**Your goal**
Images excepted, the data below must be repeated exactly.

**Data shown**
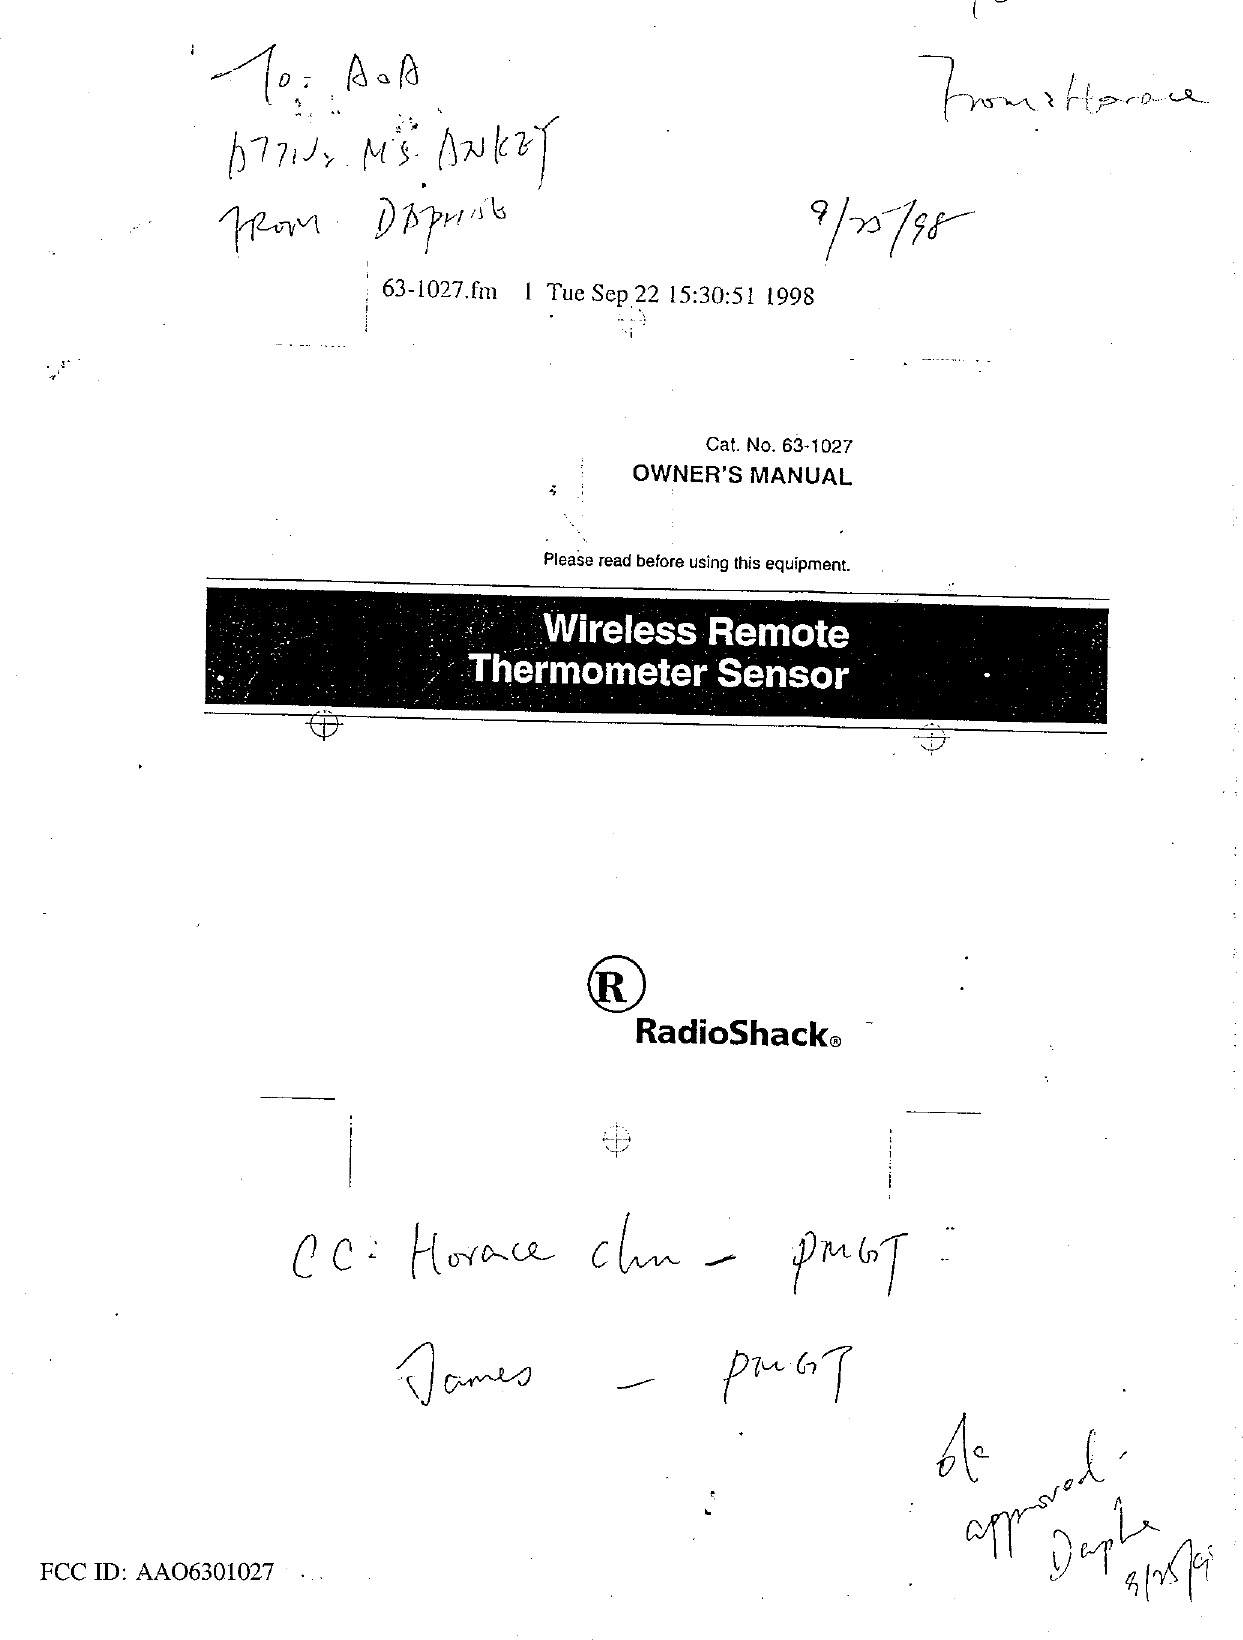 Radio Shack 6301027 WIRELESS REMOTE THERMOMETER SENSOR
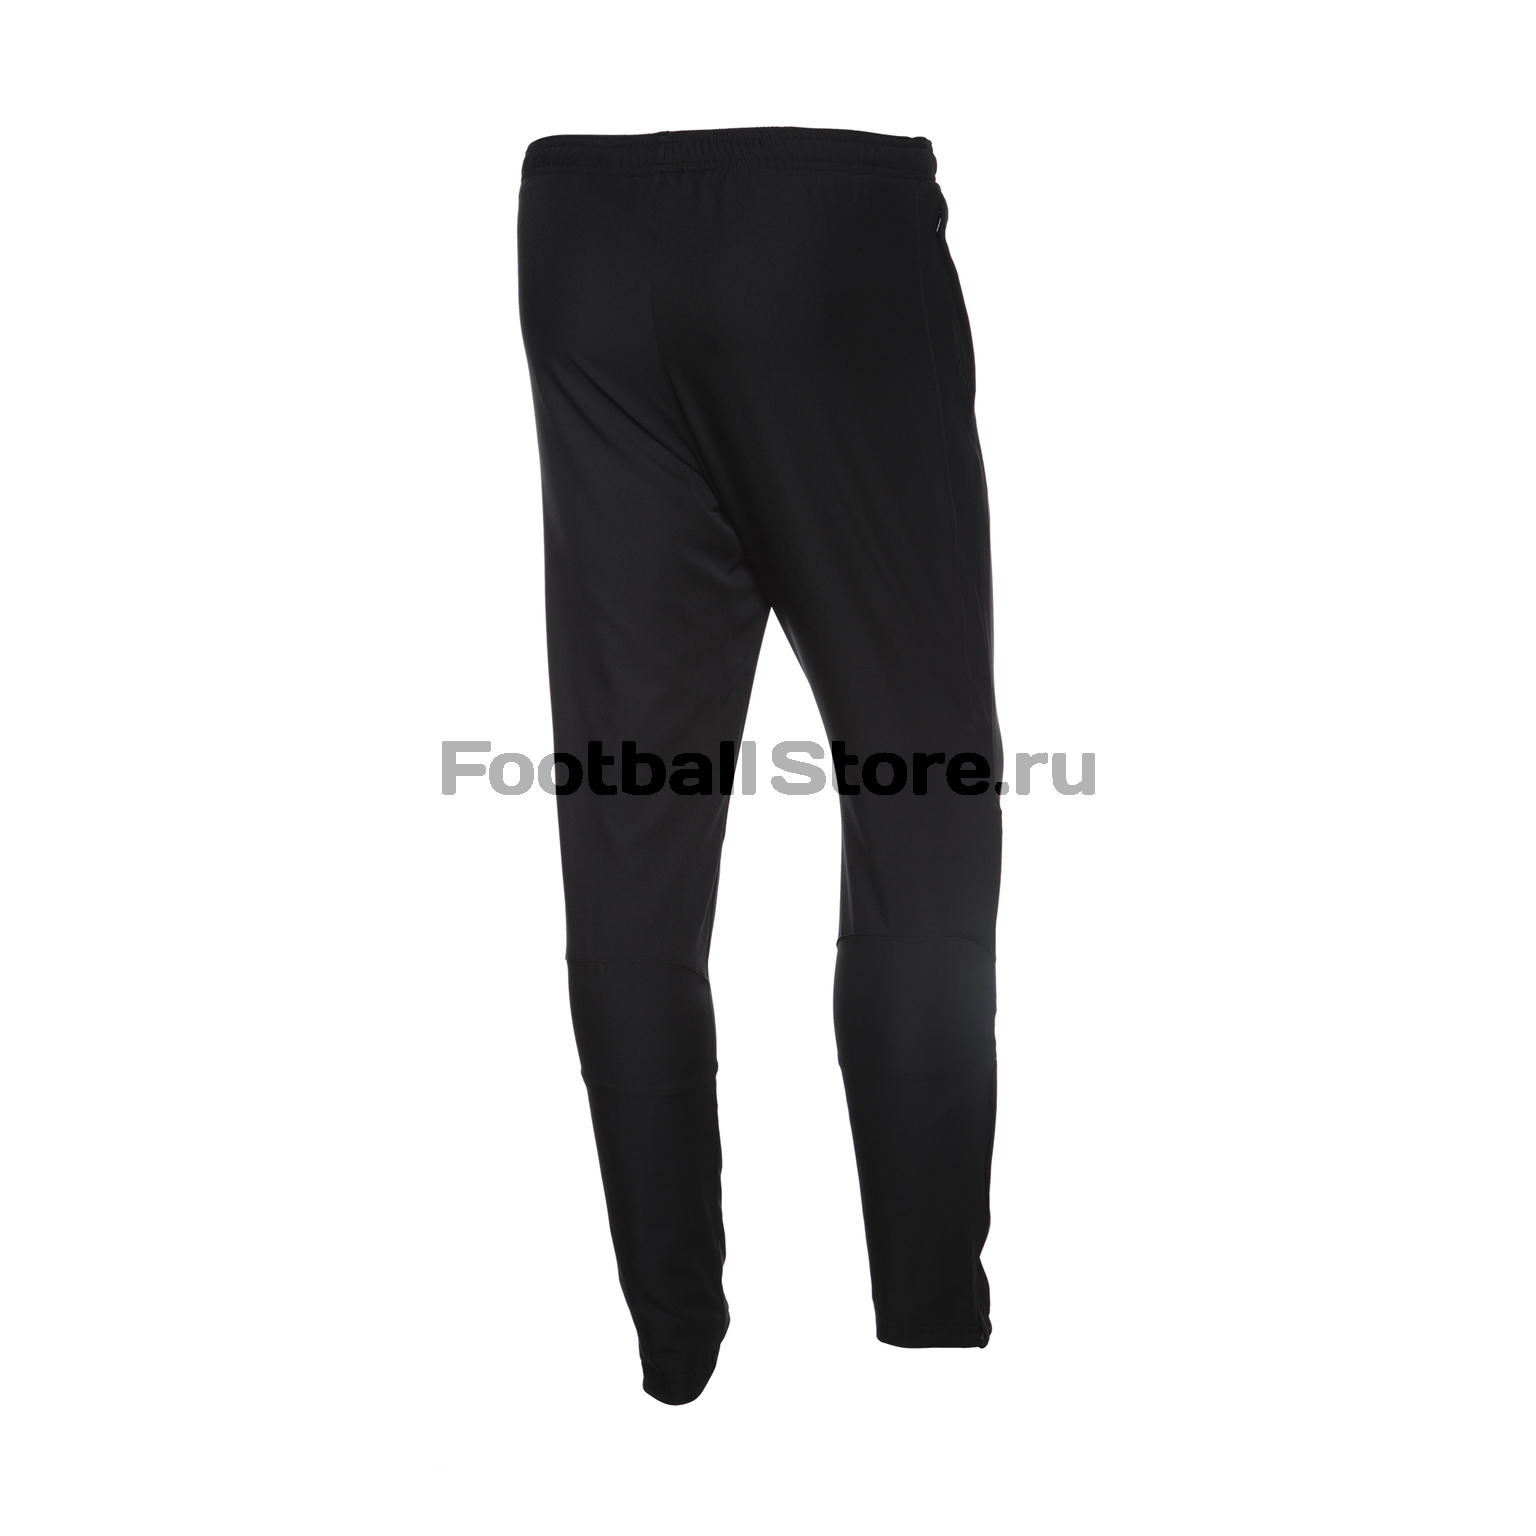 7d2e4bd3 Костюм спортивный Nike Dry Academy18 TRK Suit W 893709-361 – купить ...
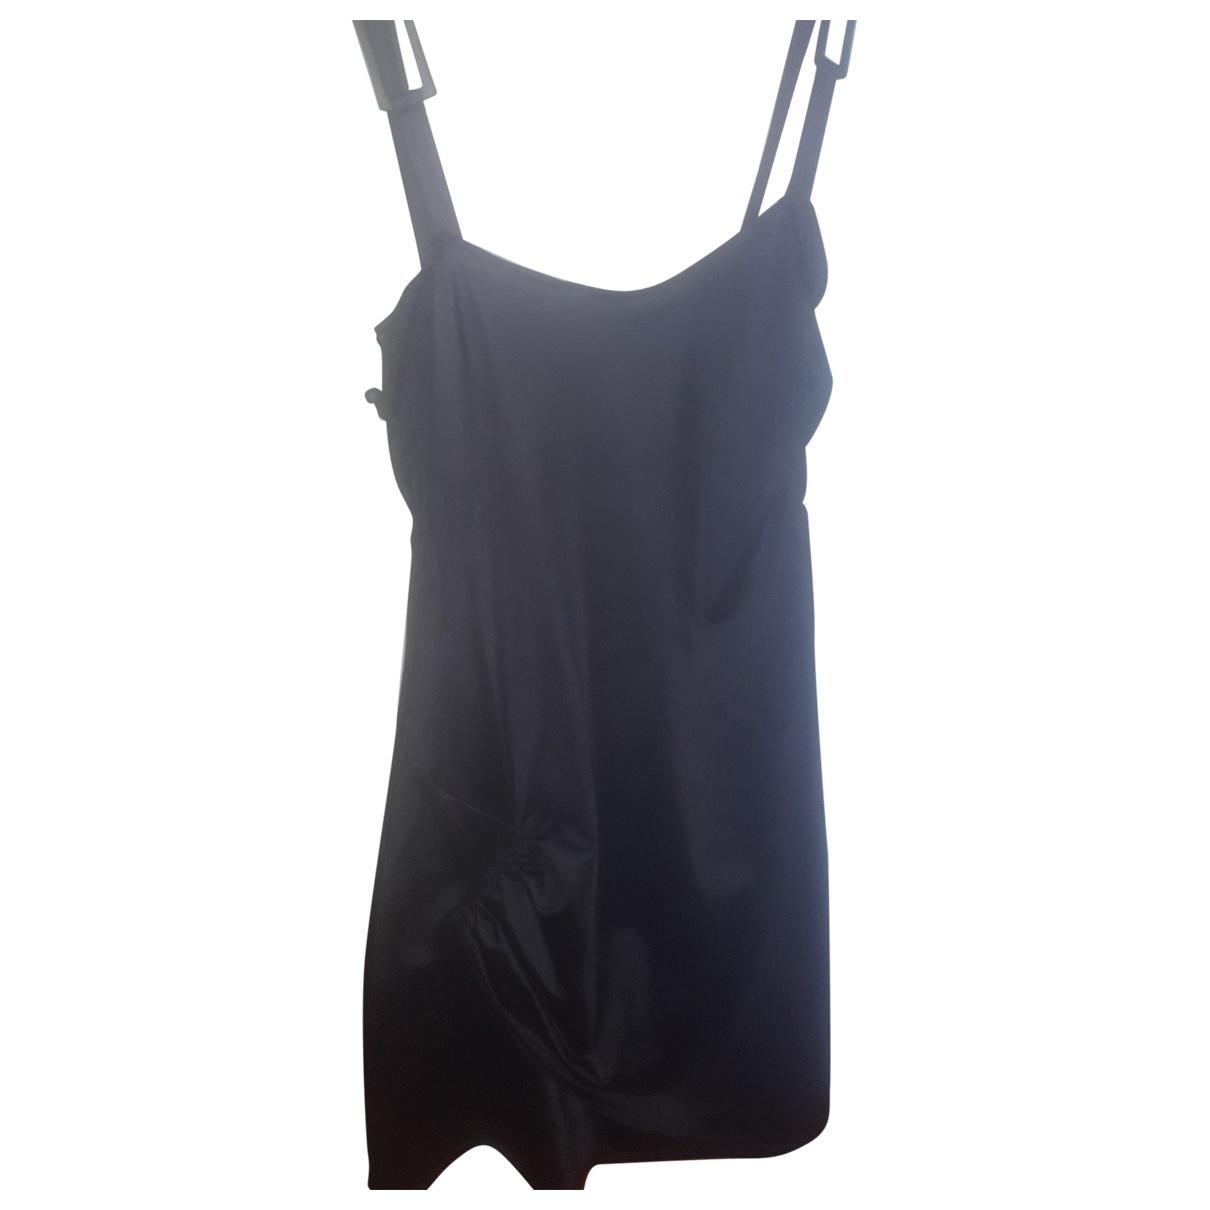 Emporio Armani \N Black dress for Women 40 IT
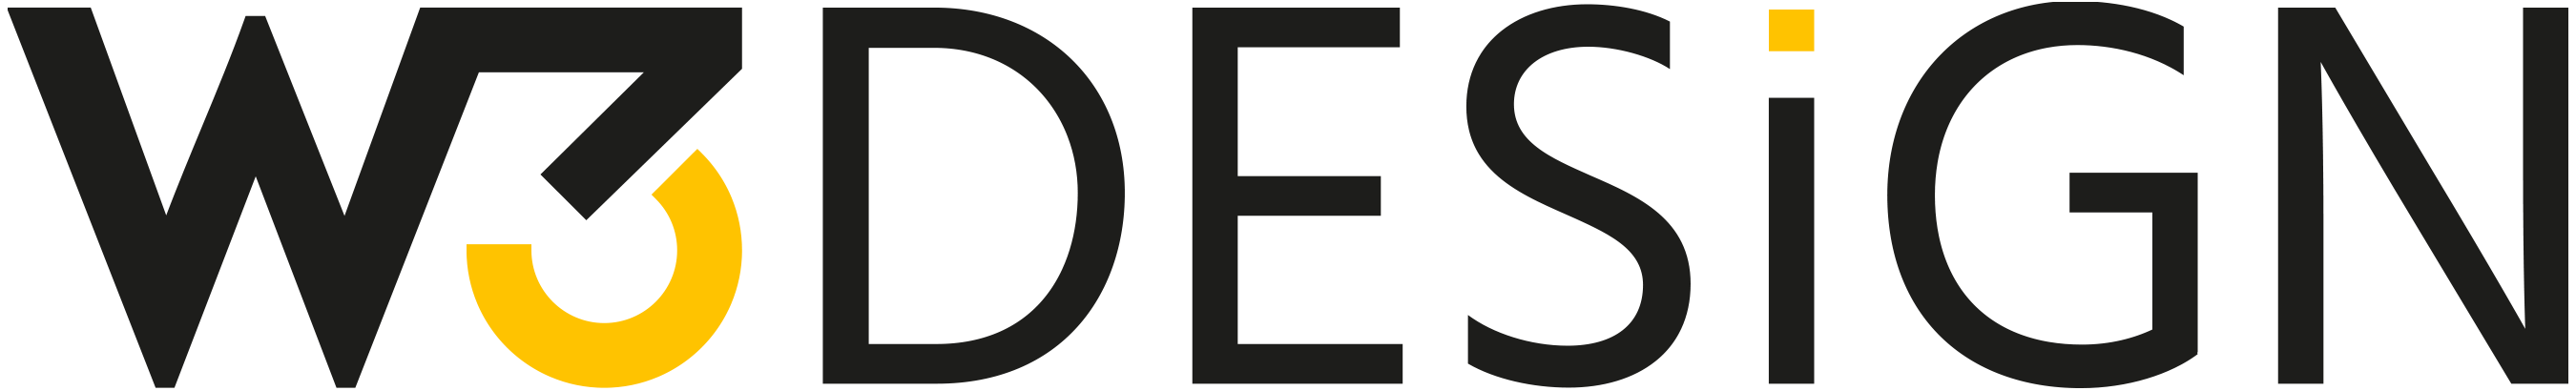 W3design

**Exercise output**
 Radio Shack 6301027 WIRELESS REMOTE THERMOMETER SENSOR
 7d2e4bd3 Костюм спортивный Nike Dry Academy18 TRK Suit W 893709-361 – купить ...
 Emporio Armani \N Black dress for Women 40 IT
 W3design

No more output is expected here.